Amin tuttavia rimane ai margini di questo mondo, volendo guardare più che vivere. Non ne è escluso, dal momento che tutti si preoccupano affinché si getti anche lui nella sensualità della vita (il cugino arriva a spingerlo contro le labbra di una ragazza…): il problema non sono gli altri, ma il suo stesso desiderio. In discoteca, in una bellissima e lunghissima scena nella seconda parte del film, rimane in disparte, non beve, non balla, passa il tempo a guardare il corpo di Ophélie improvvisatasi cubista, nonostante le avances di diverse ragazze.  
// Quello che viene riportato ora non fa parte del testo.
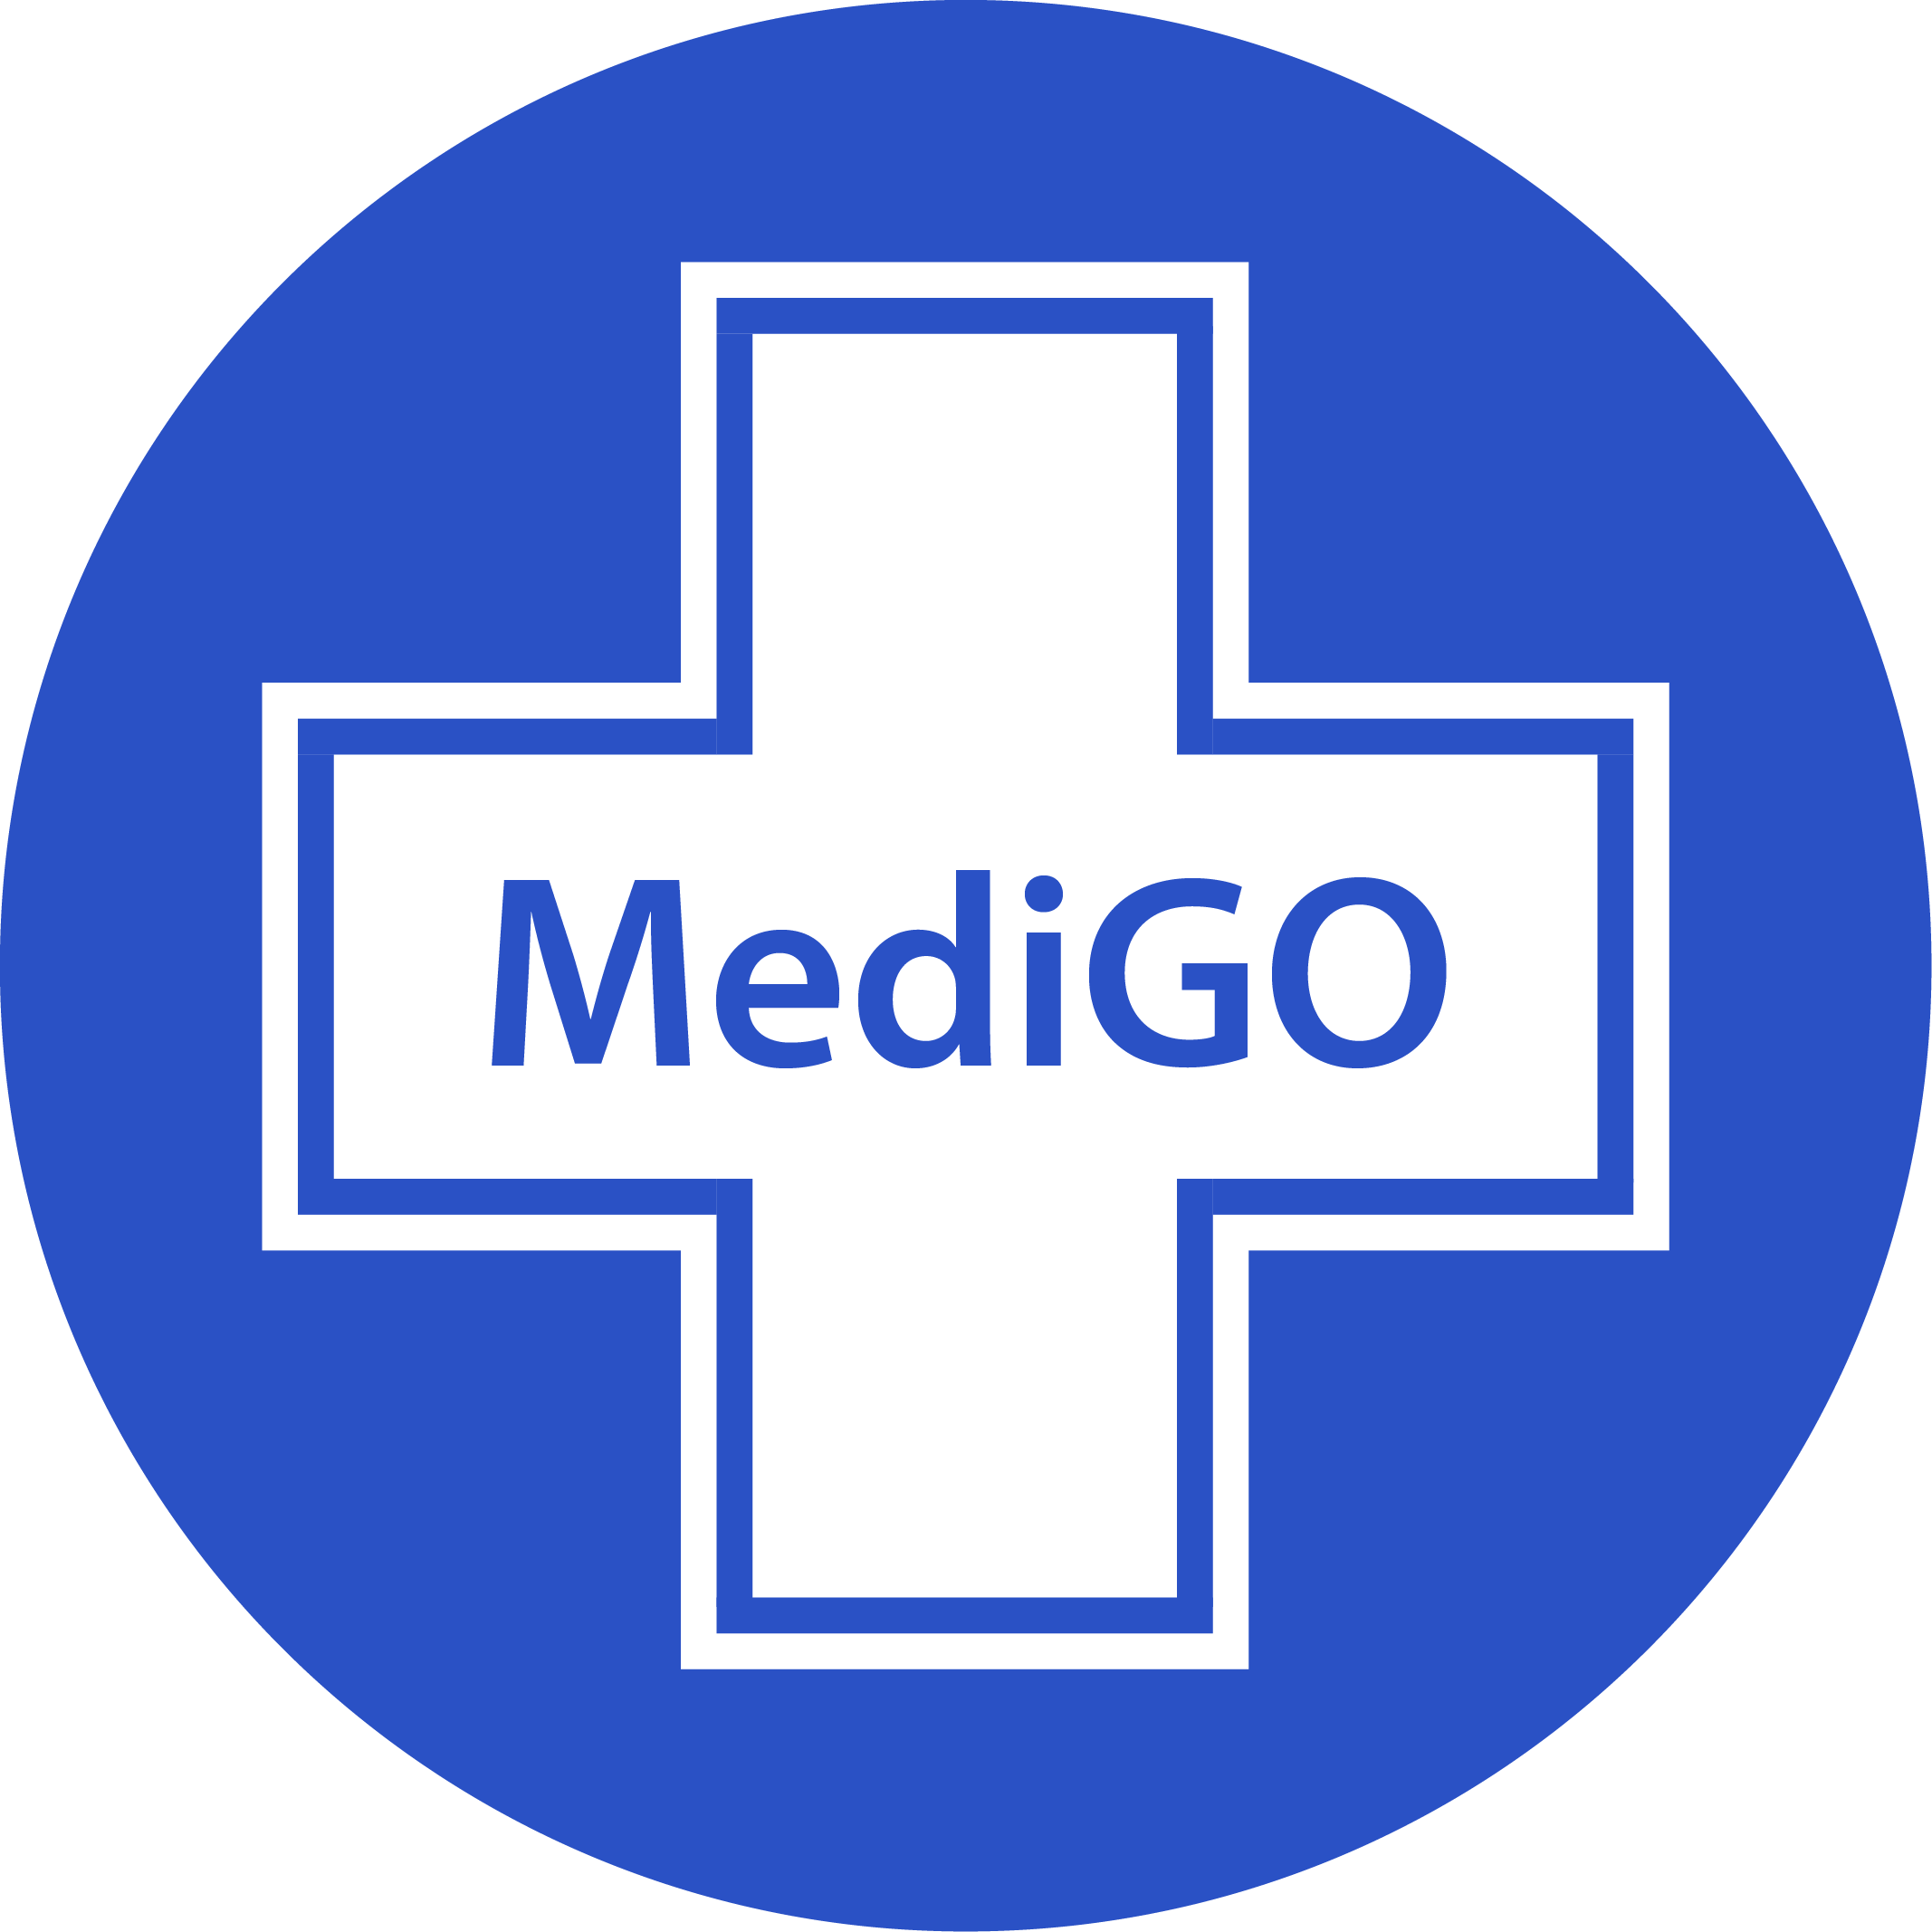 File:MedigGO round symbol.png

Con Mektoub, My Love Kechiche non solo gira il suo film più autobiografico – cosa che non sarebbe più interessante di un semplice aneddoto – ma riesce a mettere a tema, probabilmente nella sua forma più lucida, il tema fondamentale del suo cinema: il rapporto tra la vita e lo sguardo. Il suo cinema ha sempre tentato di dare una forma visiva alla dimensione plurale e molteplice della vita: non si trattava solo di usare la camera a mano, di riempire il campo acustico di voci e rumori, o di mettere il punto di vista nella confusione del mondo; ma anche – come ha fatto con La Vie d’Adèle – di costringere due attrici a estenuanti e lunghissime sessioni di riprese perché quel gemito fosse reale, quella lacrima fosse la più autentica, quel gesto fosse esattamente come è nella vita.

Inevitabilmente, prima o poi non poteva non accadere che questa dualità venisse messa a tema: la vita o la si guarda o la si vive. Tertium non datur. Amin, o vive il proprio desiderio nella sua forma scopica o lo vive nella sua forma sensuale. La comunità, o la si guarda dall’esterno o la si vive sciogliendosi in essa. Il corpo, o lo si desidera con gli occhi o lo si tocca. E per chi ha fatto della visione la propria vita, l’unica soluzione possibile sarà accettare di vivere sulla soglia del mondo e l’unico finale l'incontro chi, in modo simile, ha deciso di restare ai margine della comunità.